According to McKinsey, global renewable electricity capacity will rise more than 80% by 2026 from 2020 levels. Europe is expected to add 36 million renewable-class assets – solar panels, electric vehicles (EVs) and energy storage – to the grid in 2025 and 89 million by 2030.

Automation and data analytics can help manage decentralised energy sources, direct excess electricity and flag potential grid weak points before they become significant issues, and help utilities redirect power to where it is needed in real time. This will, however, require legacy utilities companies to update their IT infrastructures and operating models to better manage the data.

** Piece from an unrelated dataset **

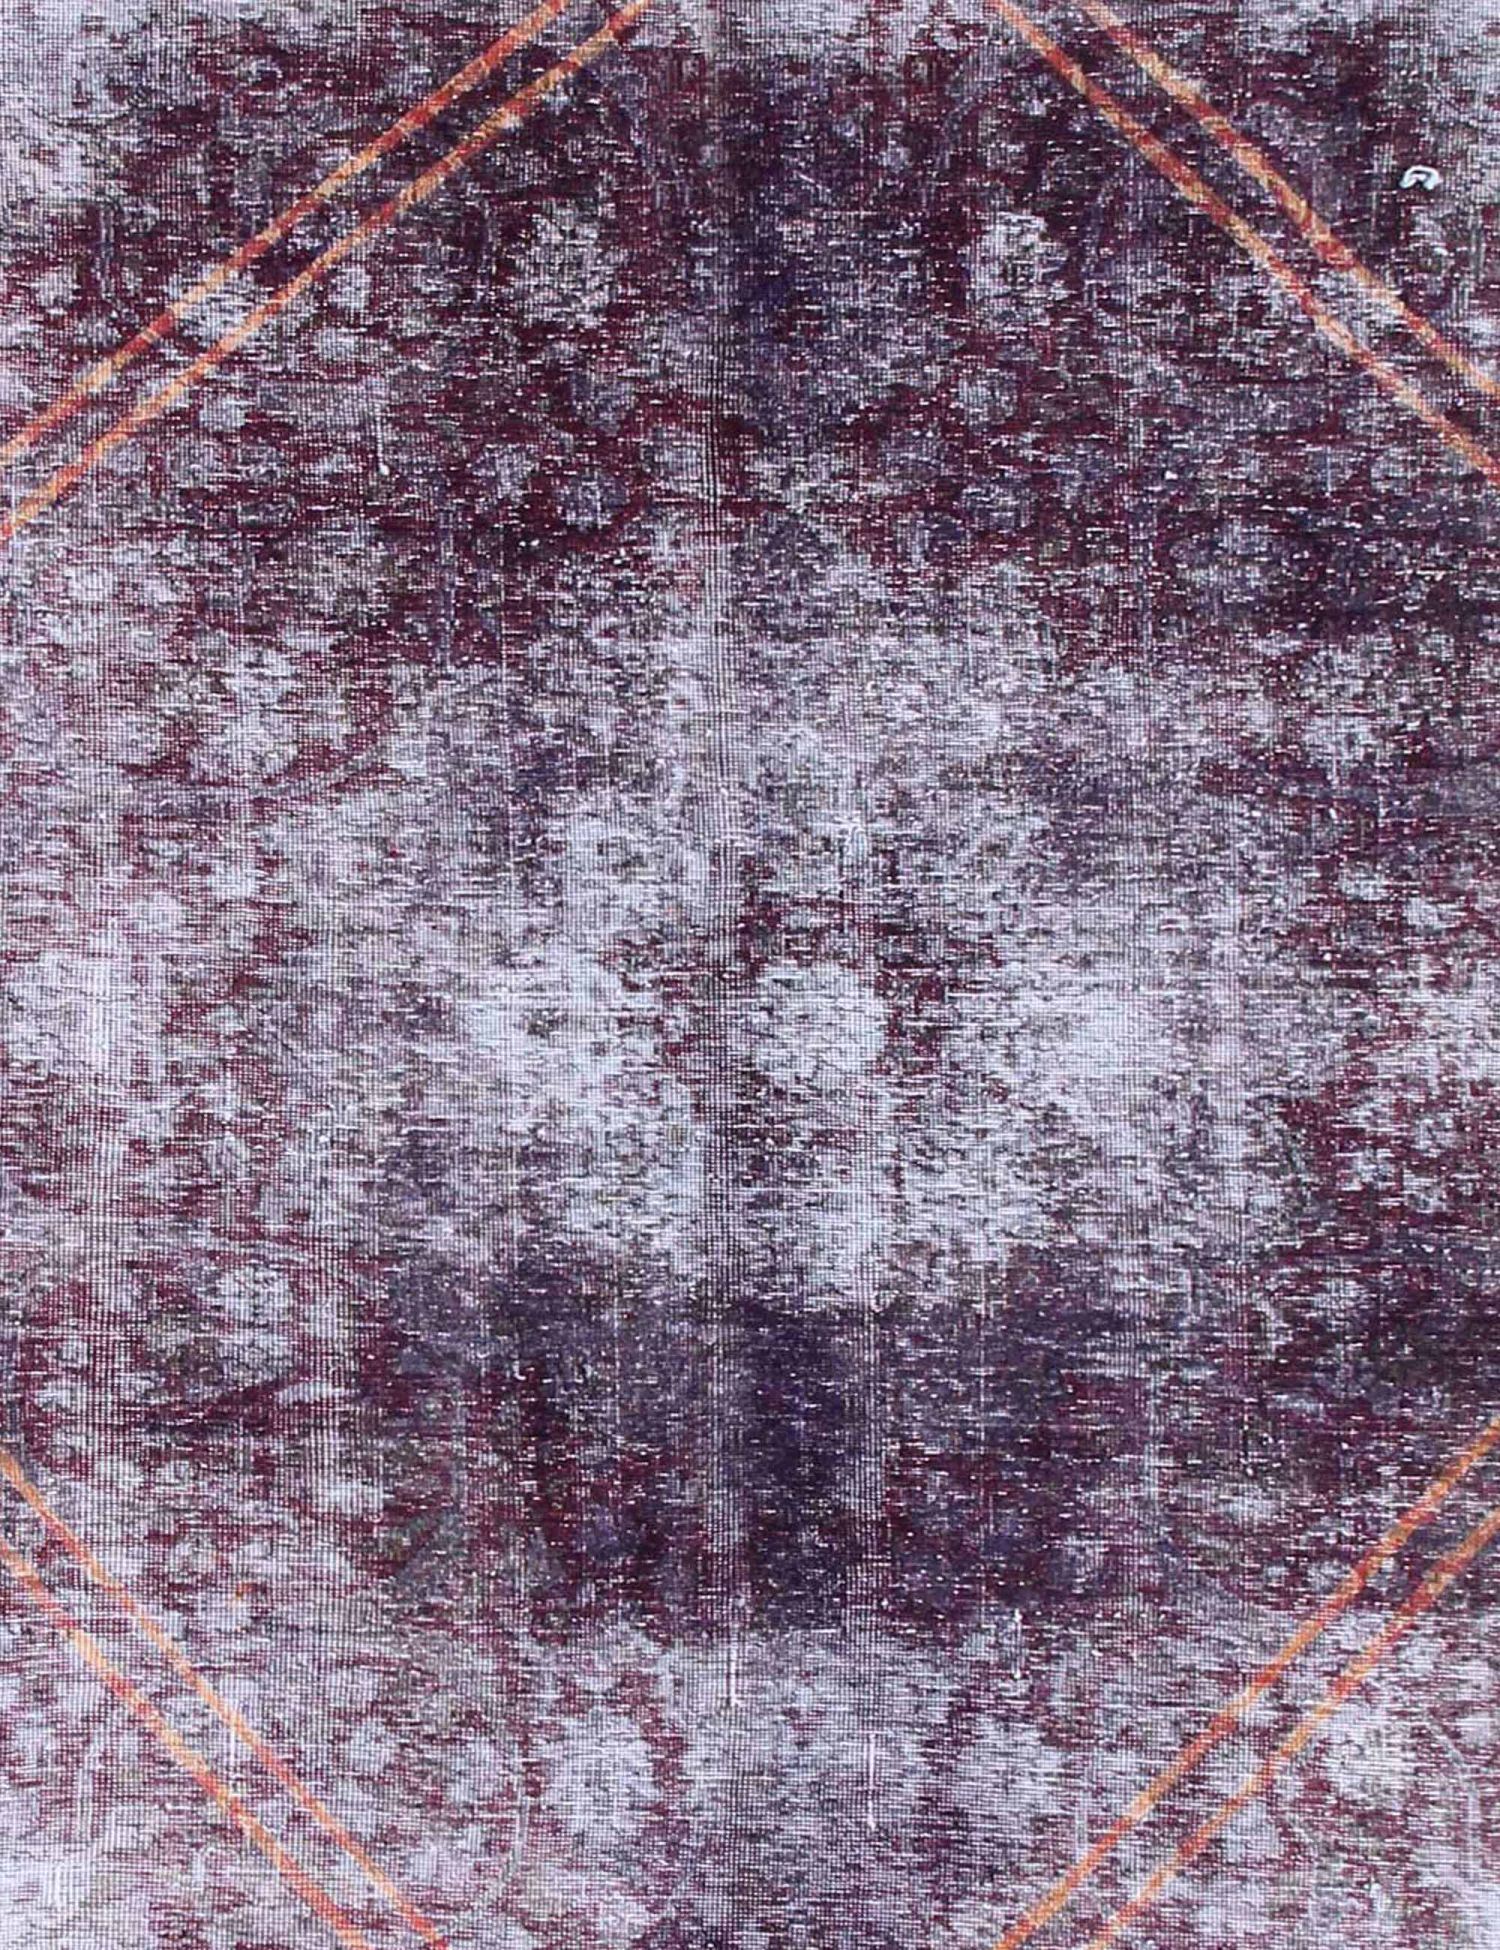 Persischer Vintage Teppich  lila <br/>300 x 200 cm

  1. There will be a major shift to software-defined EVs in the next decade

The automotive industry accounts for nearly a quarter of global greenhouse emissions and is a major cause of city air pollution. To address this, regulators in the US, Europe and elsewhere are reviewing policy and implementing laws to limit the sale of new gas and diesel cars

This has pushed 18 of the world’s largest automakers to switch or pledge to switch, either completely or significantly, to EV manufacturing in the coming years. The EVs of the near future will be software-defined vehicles (SDVs) with automated capabilities to manage the car more efficiently with particular attention to environmental sensitivities. SDVs feature smart routing and energy optimisation that can mitigate issues related to charging capacity and range.

According to Deloitte, the automotive industry is now likely to go through a development process that is similar to what happened with smartphones and computers, which gradually reached physical limits pushing industrial transformation from hardware upgrades to software development.

  1. Finance systems will be re-engineered to consume less energy

Transitioning to more environmentally sustainable operations is a top priority for banks and financial services organisations. More sustainable software, more efficient algorithms and better data processing are key to these efforts: in fact, the global green finance market has grown from $5.2 billion in 2012 to more than $540 billion in 2021.

In addition to growing environmentally conscious portfolios, the financial services sector is significantly reducing its energy consumption by enabling efficiencies in data centres. Upgrades include data deduplications and compression which can improve data storage layout and storage efficiency while slashing energy usage. Beyond the traditional financial sector, new approaches are helping to reduce the carbon footprint of cryptocurrency mining.